Press Coverage

NPR Interview

Wednesday, April 18, 2007

Visit the KQED site to listen to a particularly intelligent and lively interview with Michael Krasny out in San Francisco.

Newsweek

Monday, April 16, 2007

"In his long career, Groopman, whose research interests range from hematology and oncology to AIDS, has made his share of mistakes, and clearly learned from them. The number of ways in which a doctor can screw up make for uncomfortable reading: 'satisfaction of search,' the tendency to stop considering alternative explanations once you arrive at a plausible hypothesis; 'diagnosis momentum,' the unconscious suppression of evidence that conflicts with an existing theory; 'commission bias,' the preference for action for its own sake.

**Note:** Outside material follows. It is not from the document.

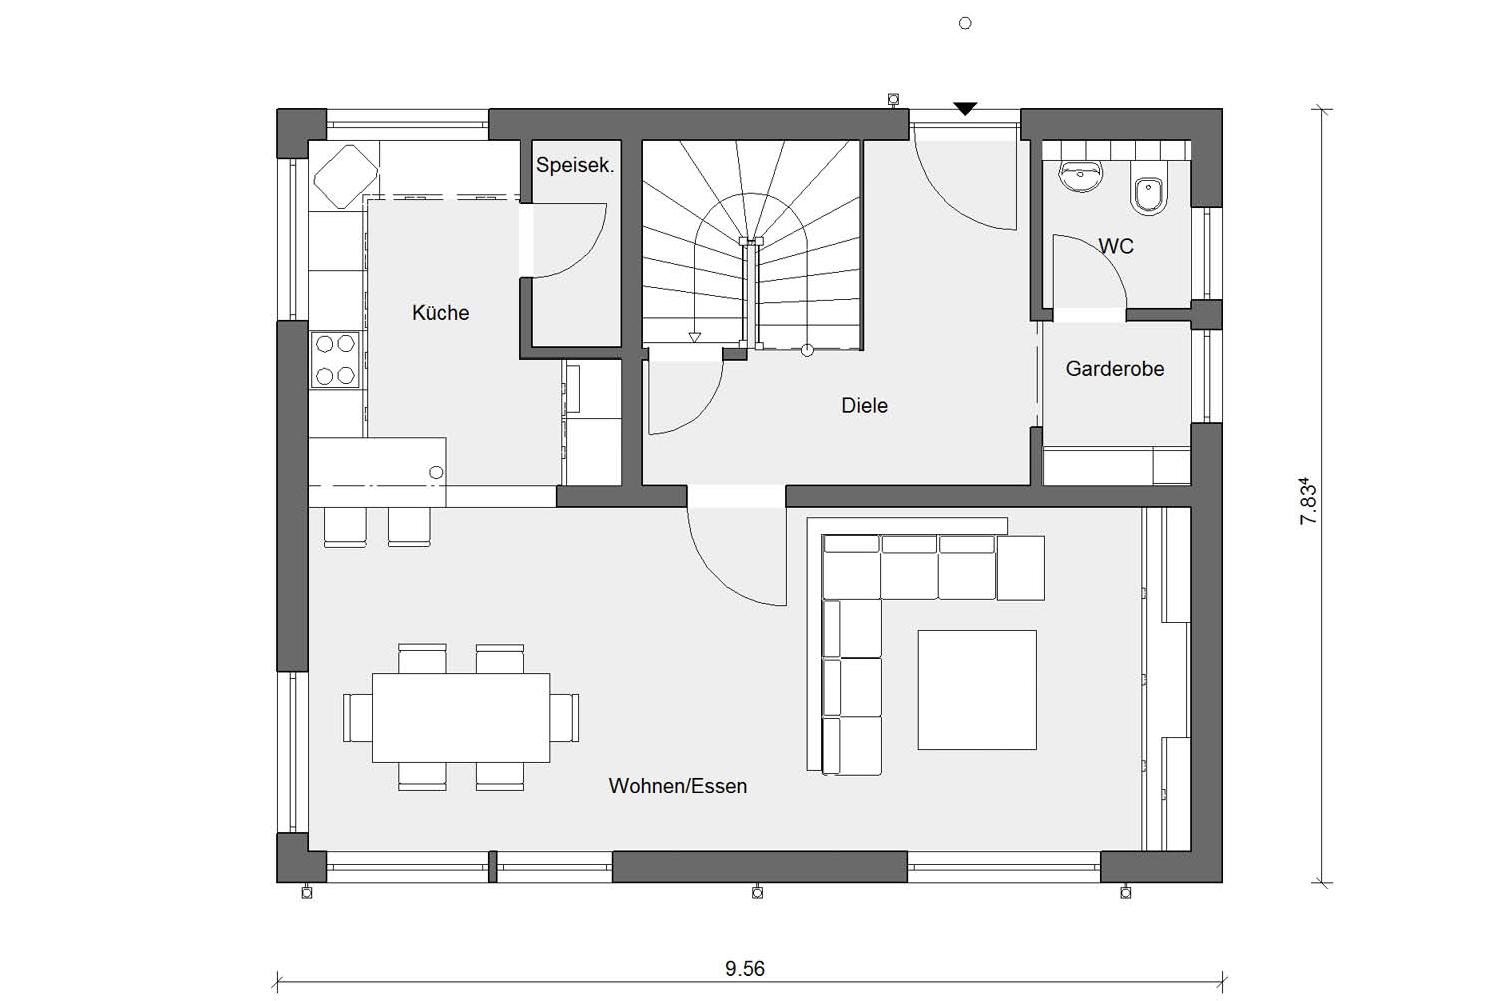 Plan d'étage rez-de-chaussée E 15-123.4 maison individuelle compacte

Groopman has particular disdain for snap judgments and intuitive leaps not supported by rigorous logic. One of his heroes is a radiologist named Dennis Orwig, whose insistence on methodically tracing every loop and twist of intestine in an X-ray led him to a difficult diagnosis of a potentially fatal bowel condition."

Read the full Newsweek article here.

New York Times Book Review

Monday, April 2, 2007

"This elegant, tough-minded book recounts stories about how doctors and patients interact with one other. In the hands of Jerome Groopman, professor of medicine at Harvard and a staff writer for The New Yorker, these clinical episodes make absorbing reading and are often deeply affecting. At the same time, the author is commenting on some of the most profound problems facing modern medicine." -Michael Crichton

The rest of the article is located at the New York Times website.

Parade Magazine

Sunday, April 1, 2007

Dr. Jerome Groopman, author of the new book How Doctors Think (Houghton Mifflin), says one key to avoid medical mistakes is for patients to become their doctor’s partner and to ask the questions that will help their doctor think better.